But living at the Y in downtown OurTown, and working for Manpower, I was rubbing shoulders with very different sorts of people than the ones I'd grown up rubbing shoulders with. There were guys with drinking problems, for whom Manpower was their last hope of showing they could be disciplined enough to hold a job. Then there were guys at the Y, who lived on the 4th Floor, which basically amounted to a minimum-security jail. Other guys treated women vastly differently than anything I'd ever seen from my dad, or any other man I'd grown up around. . .
One time, I got a job for a whole week (which was nice, knowing on Monday that I was gonna be working every day that week), setting up a fabric store in a vacant building. The trucks showed up on Monday morning, full of all the fixtures and displays, and we had the week to get everything unloaded and set up. The air conditioning in the building went out about noon on Monday, and that entire week was a record-setting scorcher, with temperatures above 100F every day. The AC was finally repaired on Friday afternoon, just as we were finishing the final cleanup. The other thing I remember, is that our 'boss' - the guy from the store who was supervising us - was only on-site with us for about 2-3 hours every day, just to make sure we knew what we were supposed to do, and then to check out what we'd done at the end of the day. About ten every morning, a woman would show up at the worksite, and before long, the two of them would leave together. Then, about three or four in the afternoon, they'd reappear, and he'd pick a few nits on our work for the day, and then the next day, we'd do it all again. It took me a couple days (naive 17-year-old that I was) to figure out what he was up to. But even so, it was something I'd never seen before.
Another time, I got a job working in the evening, moving some furniture in a high-rise office building (in OurTown, 'high-rise' means anything over four or five stories). As I walked back to my room at the Y, sometime after dark, I noticed a couple of fairly seedy-looking women standing on the street corner, across from the Y, directly in my path. Now, I had recently read The Cross and the Switchblade (which was one of the Christian 'hot reads' of the early 70s), and so, with a couple minutes' concentrated thought, I deduced that these were hookers. And there was no way for me to avoid walking past them. What was I to do?

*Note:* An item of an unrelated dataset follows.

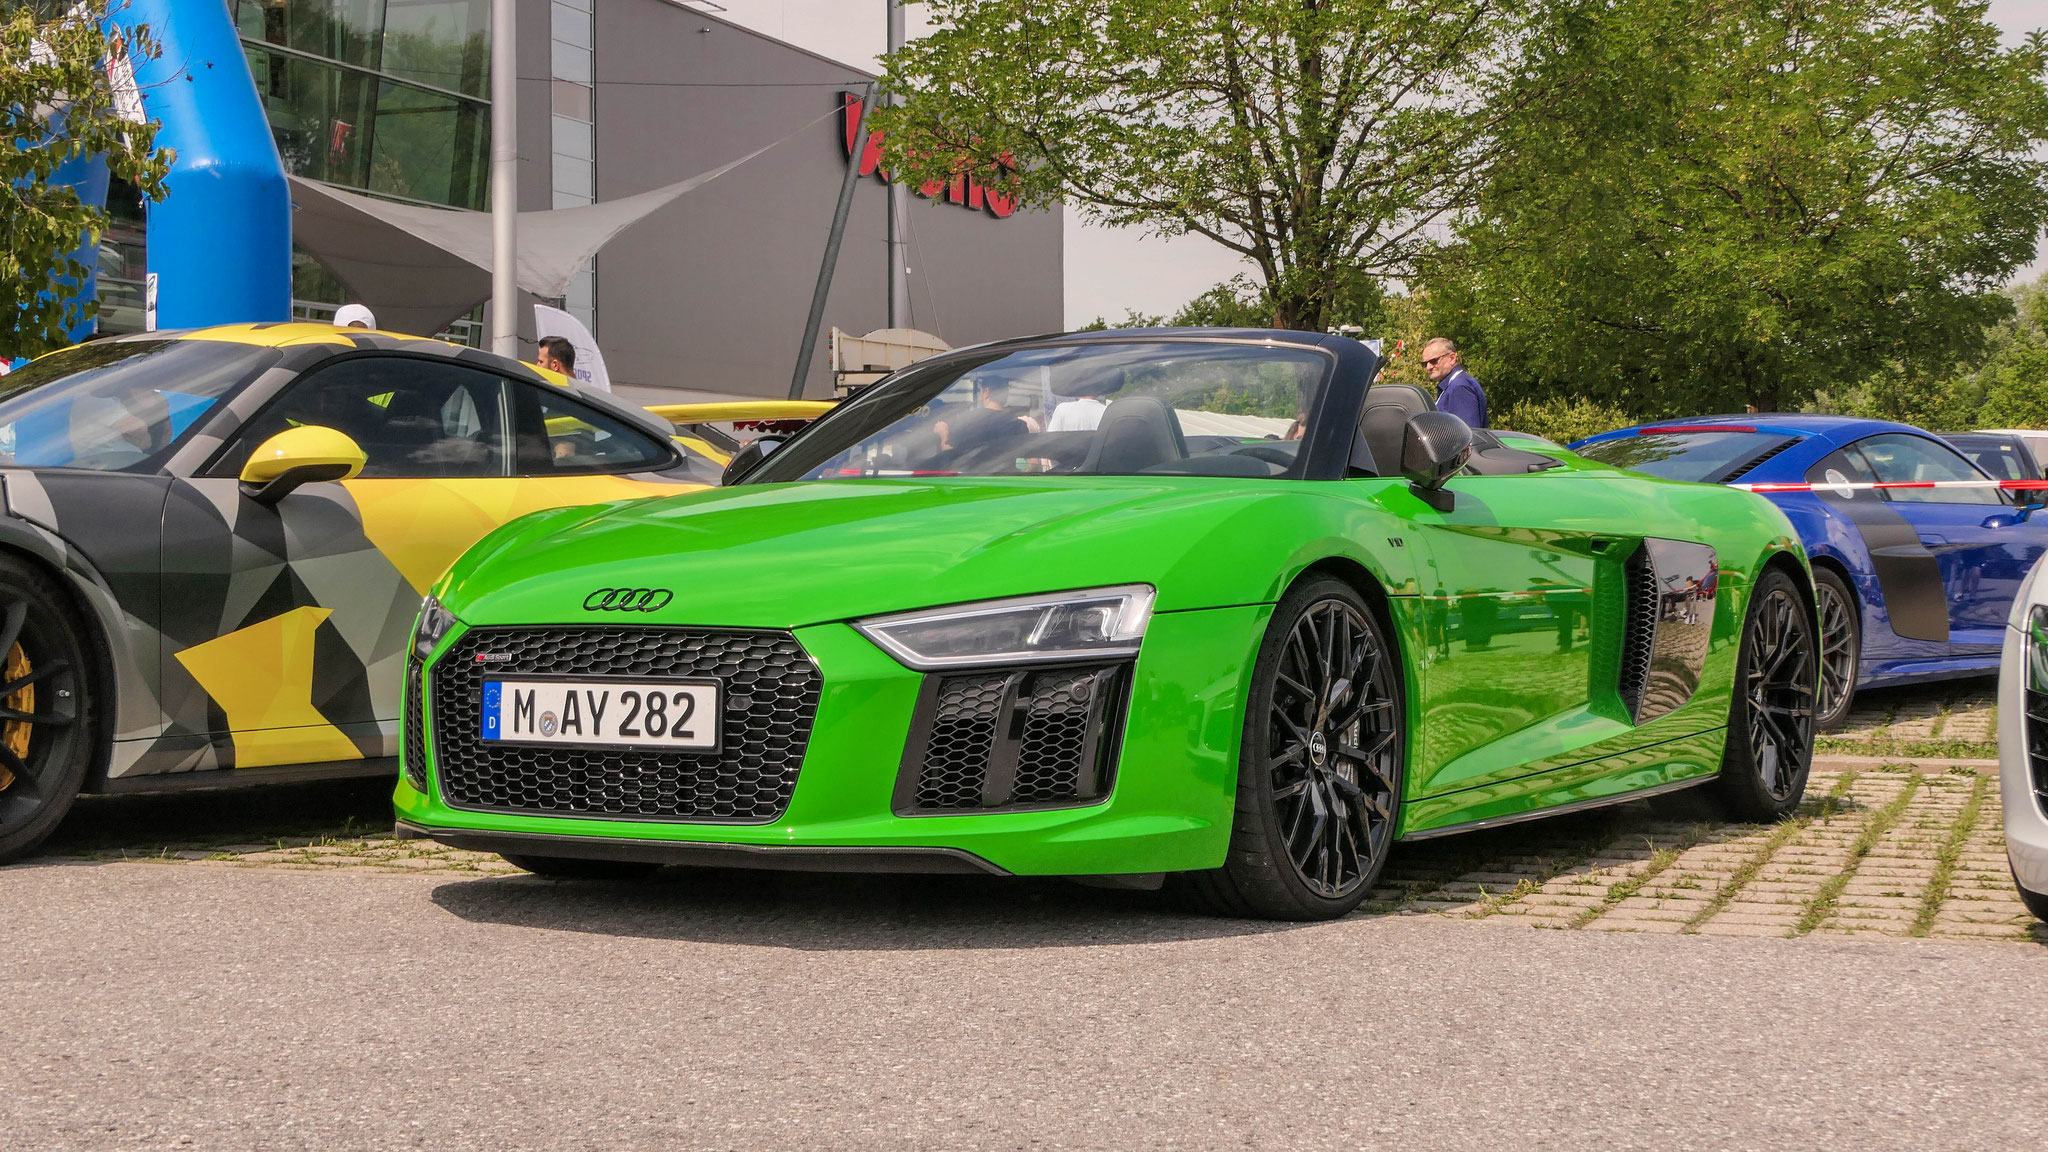 Audi R8 V10 Spyder - M-AY-282

Fortunately (or at least, so it seemed to me at the time), I'd recently read The Cross and the Switchblade, and so, inspired by David Wilkerson's example, I smiled, and walked straight up to the women, saying, "Do you ladies know Jesus?" Which was not really their first choice of conversation-starters right at that moment. One of the women, who was black, asked me, in a challenging tone, "What color is He?", and things went downhill from there. But only for a minute or two. Before long, a police car drove up, and the officer rolled down the window and told me to run along and be about my business. (It wasn't until many years later that the penny finally dropped all the way, and the realization dawned in my brain that the women weren't 'real' hookers after all. . .) That was another experience unlike anything I'd ever seen growing up. . .

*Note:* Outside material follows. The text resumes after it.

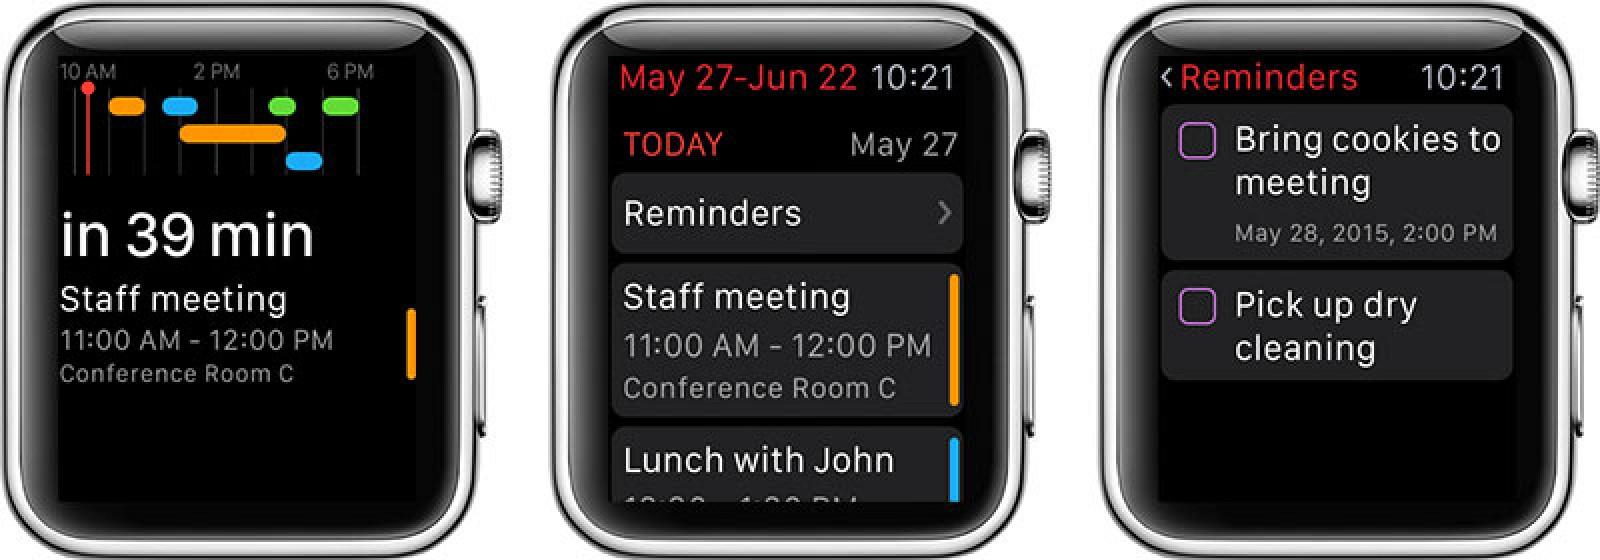 popular calendar app fantastical 2 now available for apple watch mac rumors

Even apart from anything 'sexual', though, living where I lived, and working some of the jobs I worked, exposed me to a whole different, uh, shall we say, socio-economic than what I'd grown up with. One time, I was sent to work at a small machine shop. The owner was a heavy-set man whose hawaiian shirt nearly covered his massive gut, while he chomped on the remnants of a cigar he'd lit maybe three days previously. That day, the shop was making weldments that fitted on the back deck of UPS trucks (I still see them on UPS trucks to this day, and they make me smile). The 'temporary help' that day (there were two of us) had two jobs - one of us had to take the freshly-welded parts and chip the 'slag' off the welds, and then load them into a wheelbarrow and take them back to the other 'temp' who was painting them in the 'paint room' in the back. We'd trade jobs every couple hours.
I started out painting. The 'paint room' was a pretty fair working model of a dungeon. The walls - in fact, everything in the room - were coated with black paint. There were no windows; in fact, no ventilation at all, as far as I could tell. From the ceiling, a single bare light bulb dangled, providing the only light. And along one wall was a large 'bathtub', full of black paint. A wheelbarrow-load of parts would be brought to me; I had a supply of hooks. I would pick up a part with one of the hooks, drag the part back-and-forth through the bathtub of paint, then hang it on an overhead rack to dry. Not terribly difficult. But after you've spent 20 minutes or so dragging parts through black paint, you've pretty much mastered the art of it, and you're ready to move on to something more challenging and interesting. Besides which, 'black paint on everything' is a pretty depressing decor. So, I was more than happy when it was time to 'switch places', so I could try my hand at something new.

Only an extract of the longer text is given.